Exercise prompt: The whole listing below needs to be duplicated exactly, pictures aside.

Supplied information:
<<<<

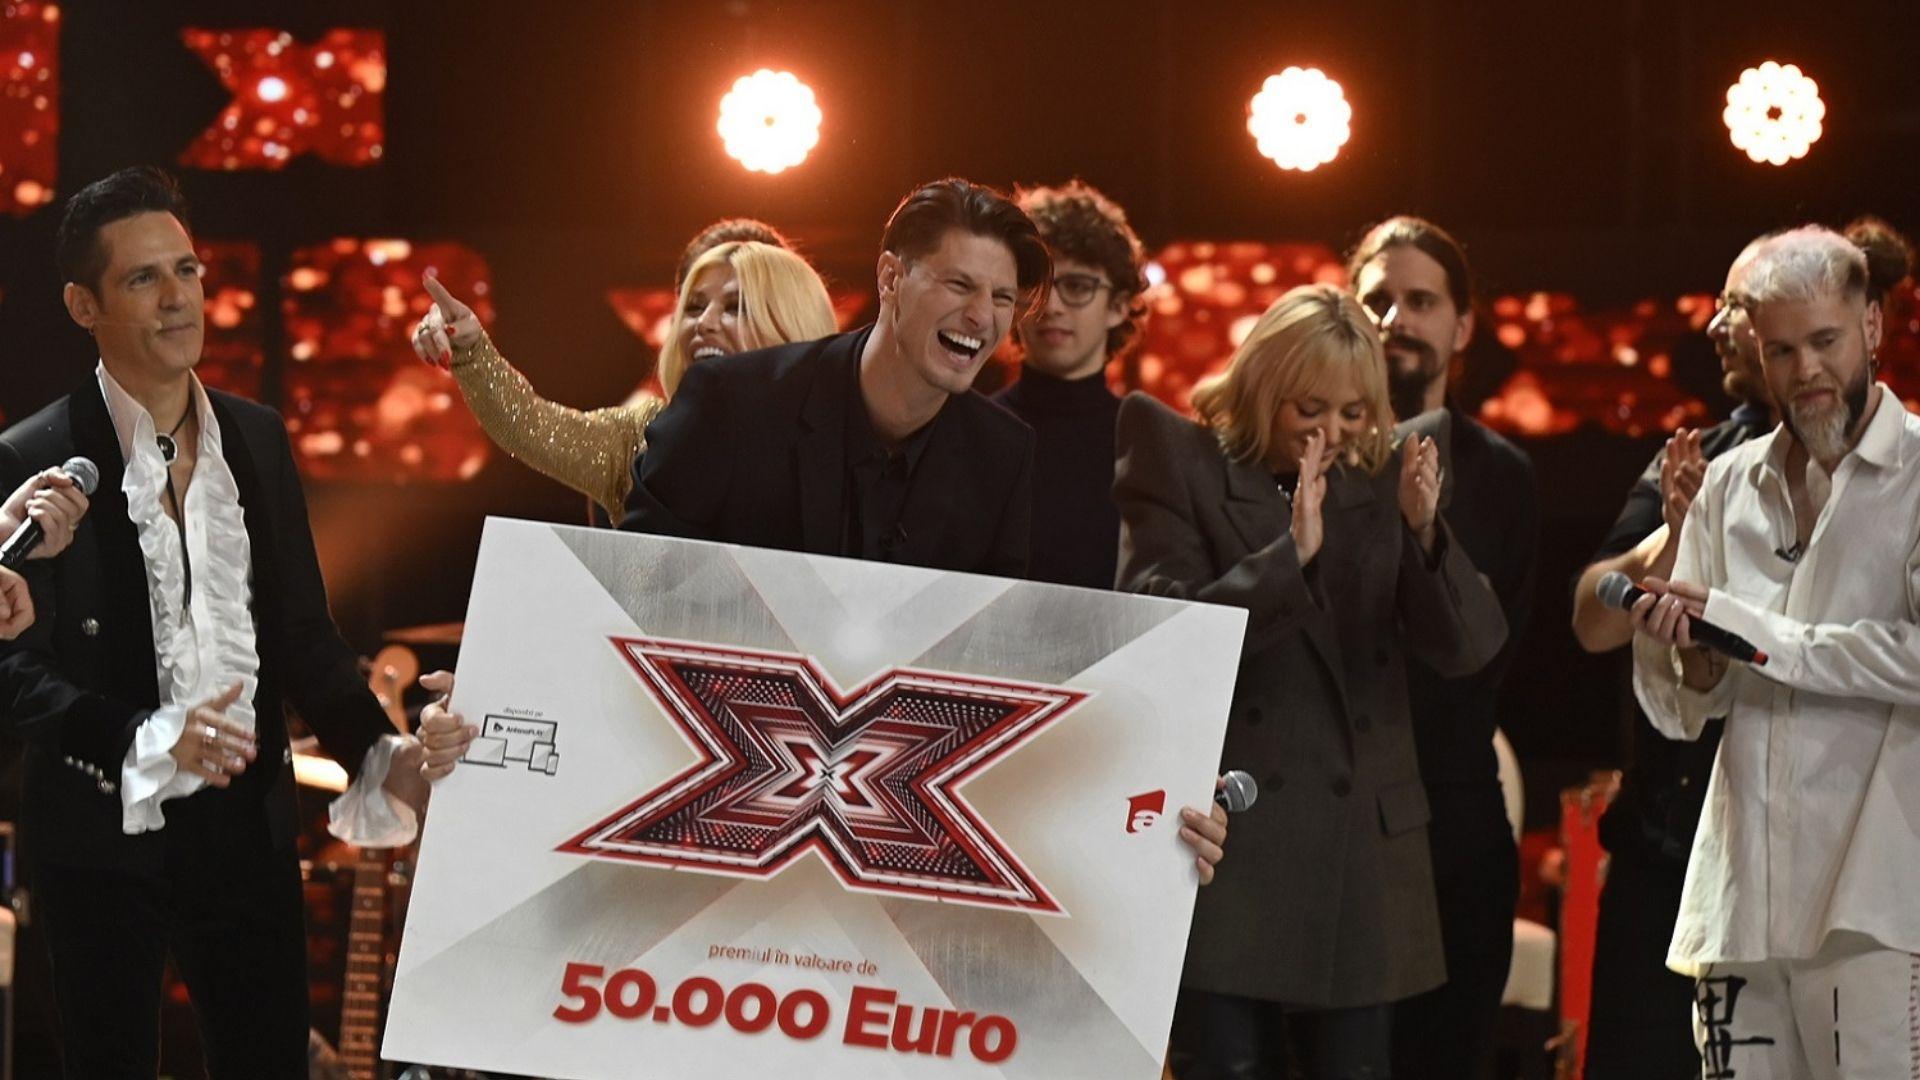 Nick Casciaro este câștigătorul sezonului 10 X Factor: „Pentru mine, X Factor este o renaștere”. Ce a declarat Loredana
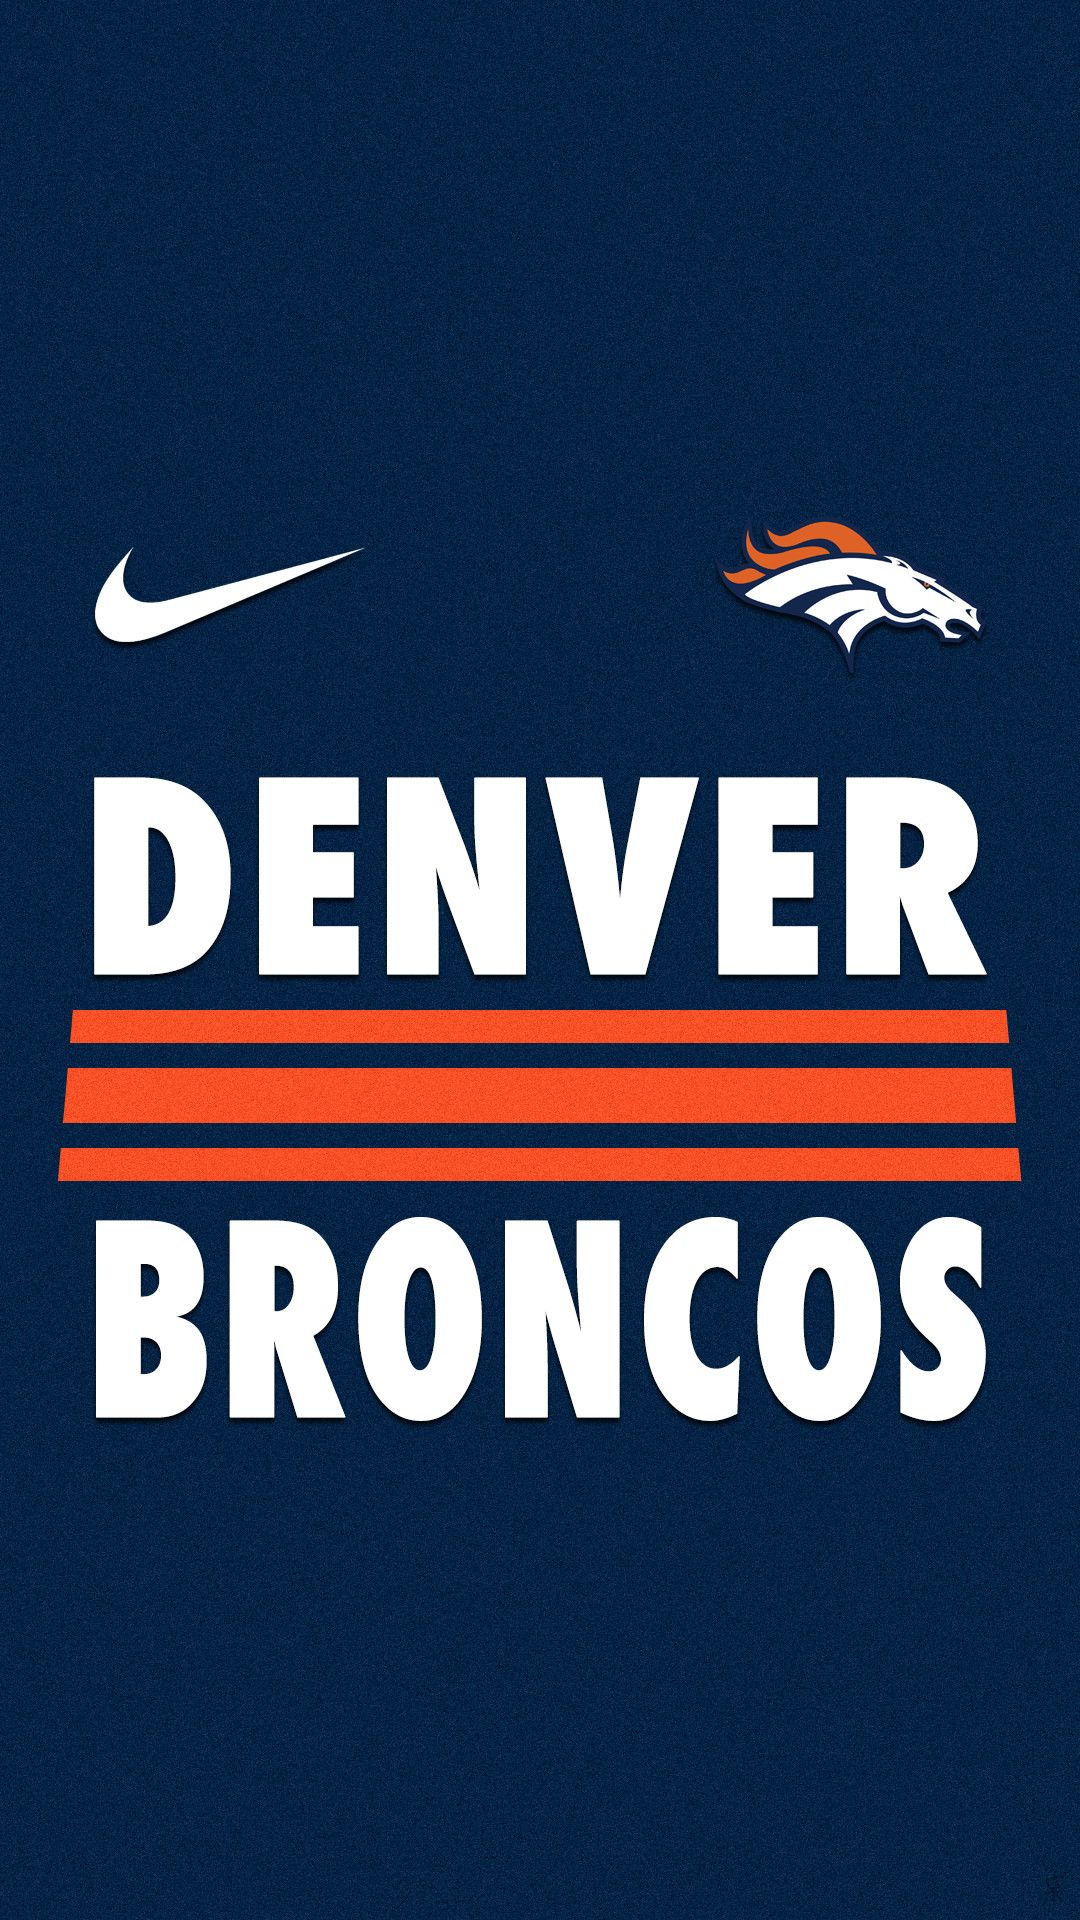 Denver Broncos Wallpaper Top Background
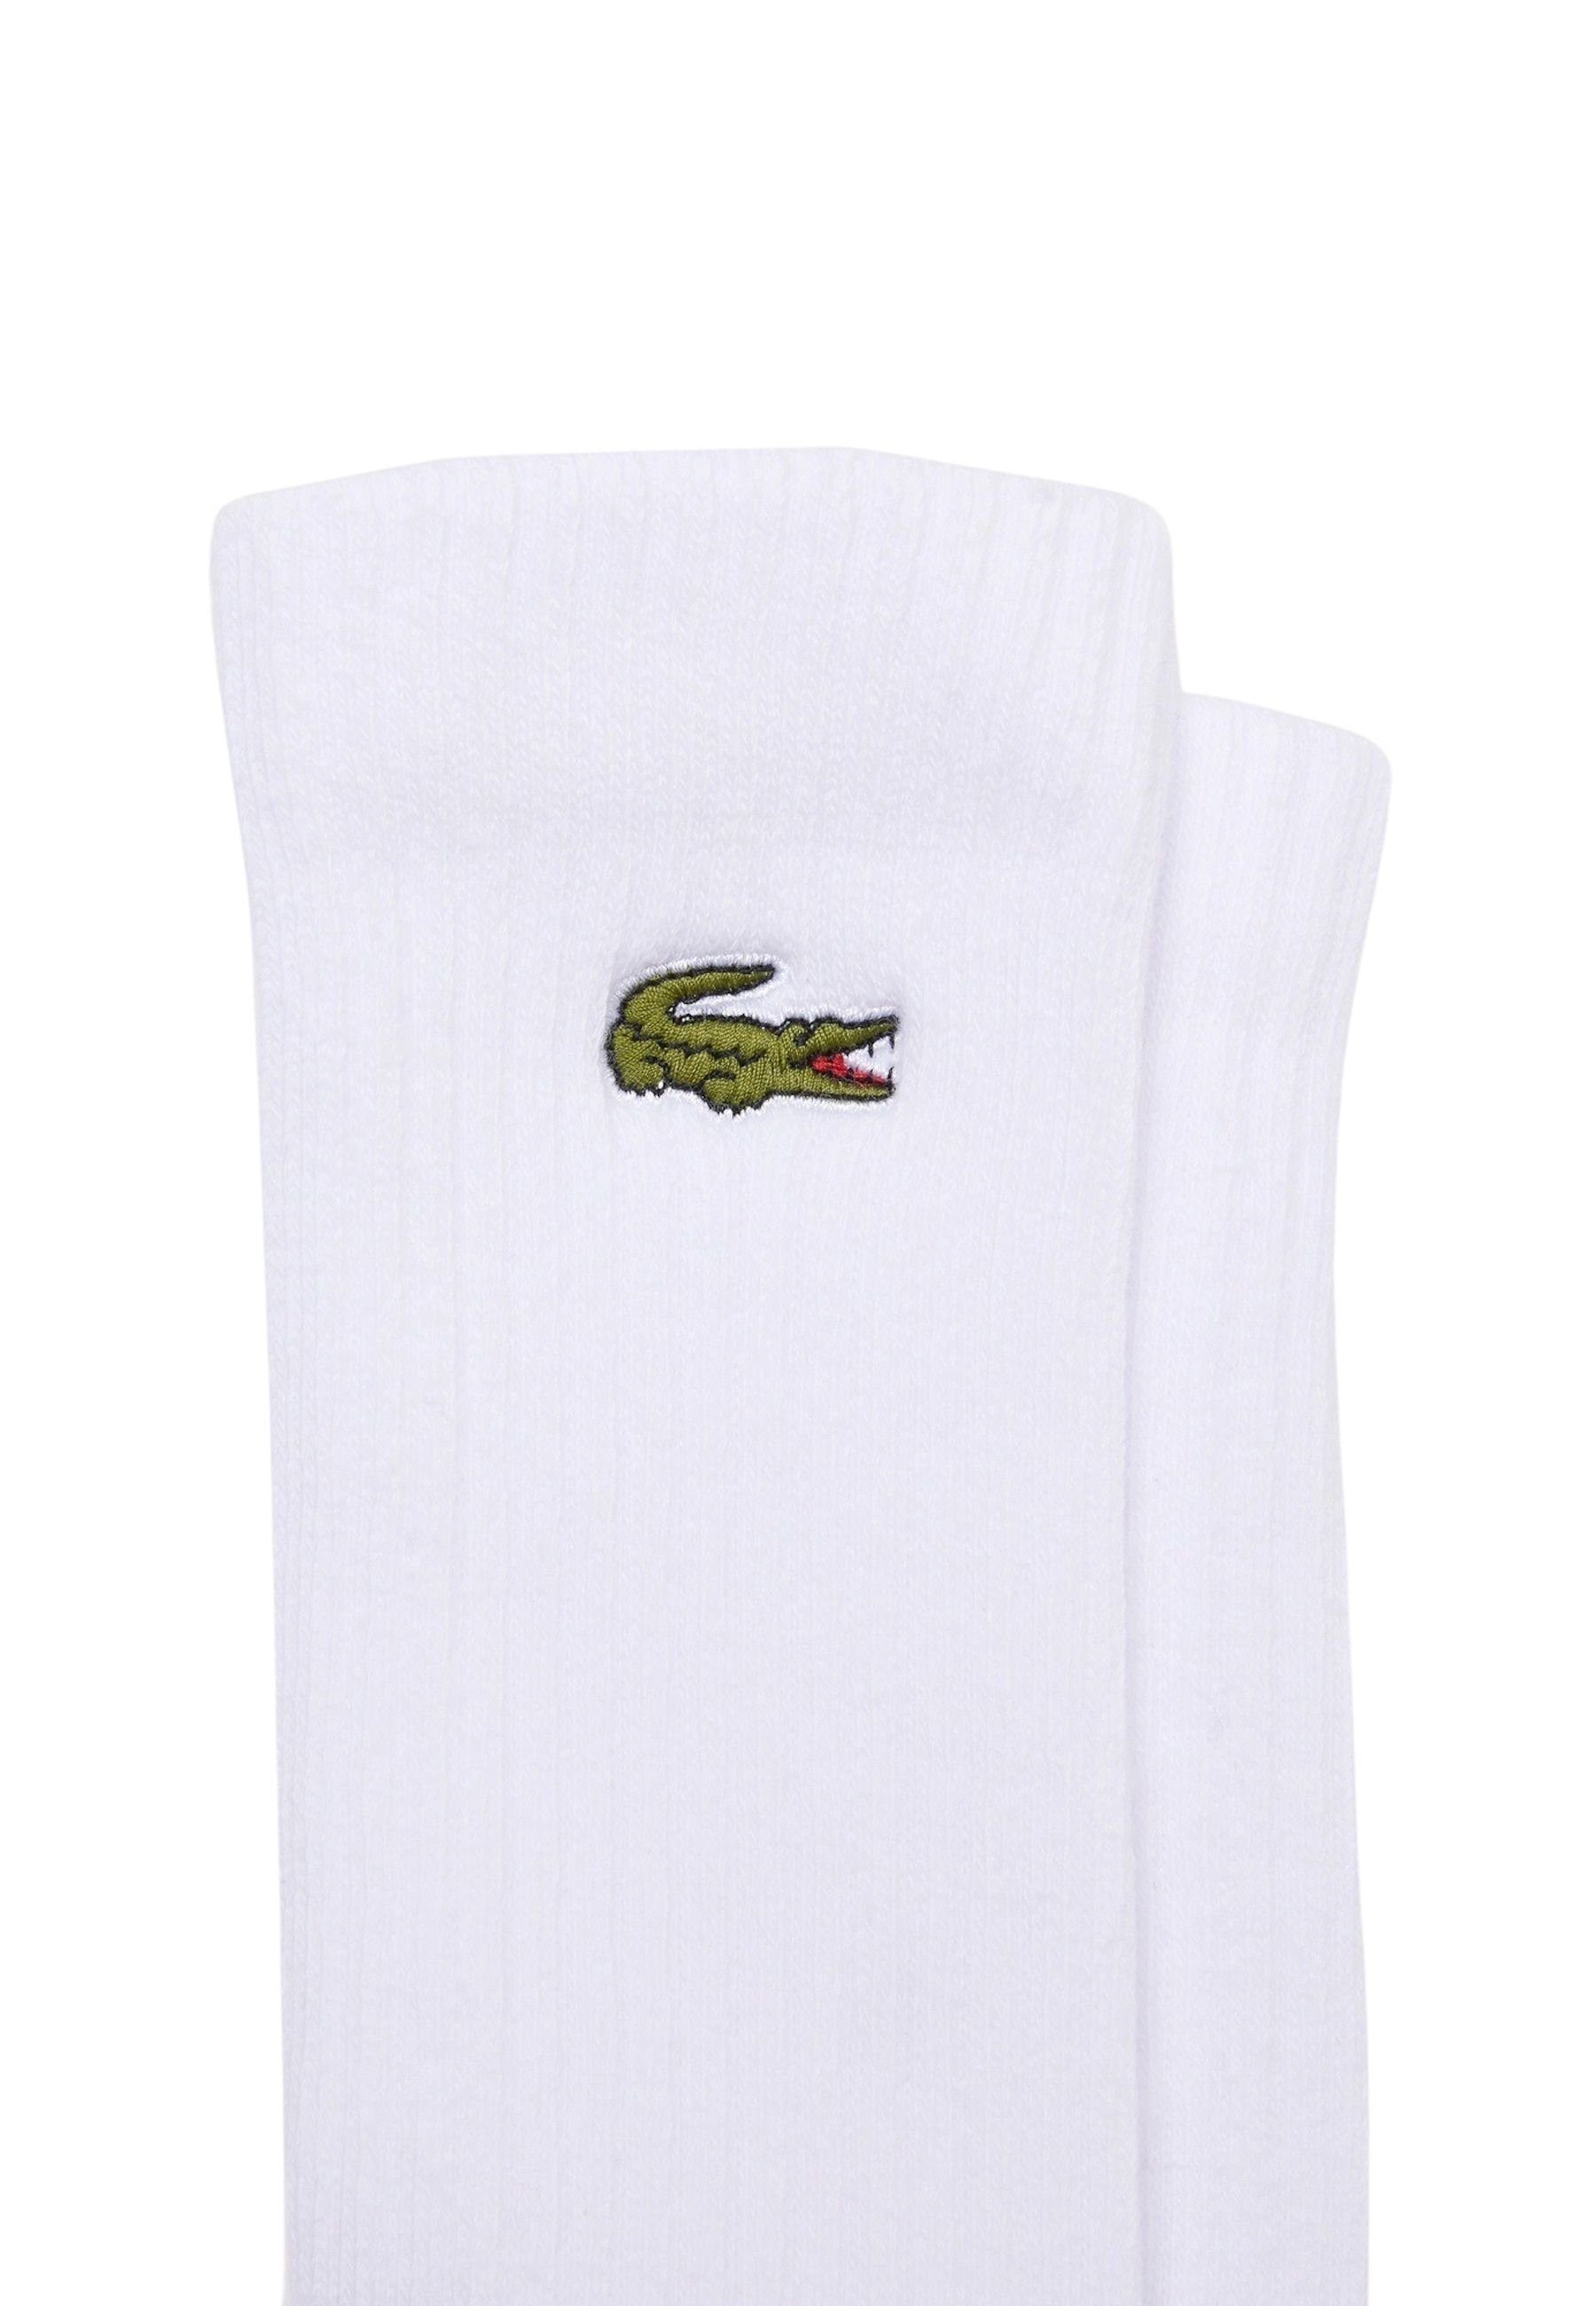 Lacoste Socken Socken Permanent Offer Socken weiß (3-Paar) hohe Dreierpack

>>>>

Output of the task:
 Nick Casciaro este câștigătorul sezonului 10 X Factor: „Pentru mine, X Factor este o renaștere”. Ce a declarat Loredana
 Denver Broncos Wallpaper Top Background
 Lacoste Socken Socken Permanent Offer Socken weiß (3-Paar) hohe Dreierpack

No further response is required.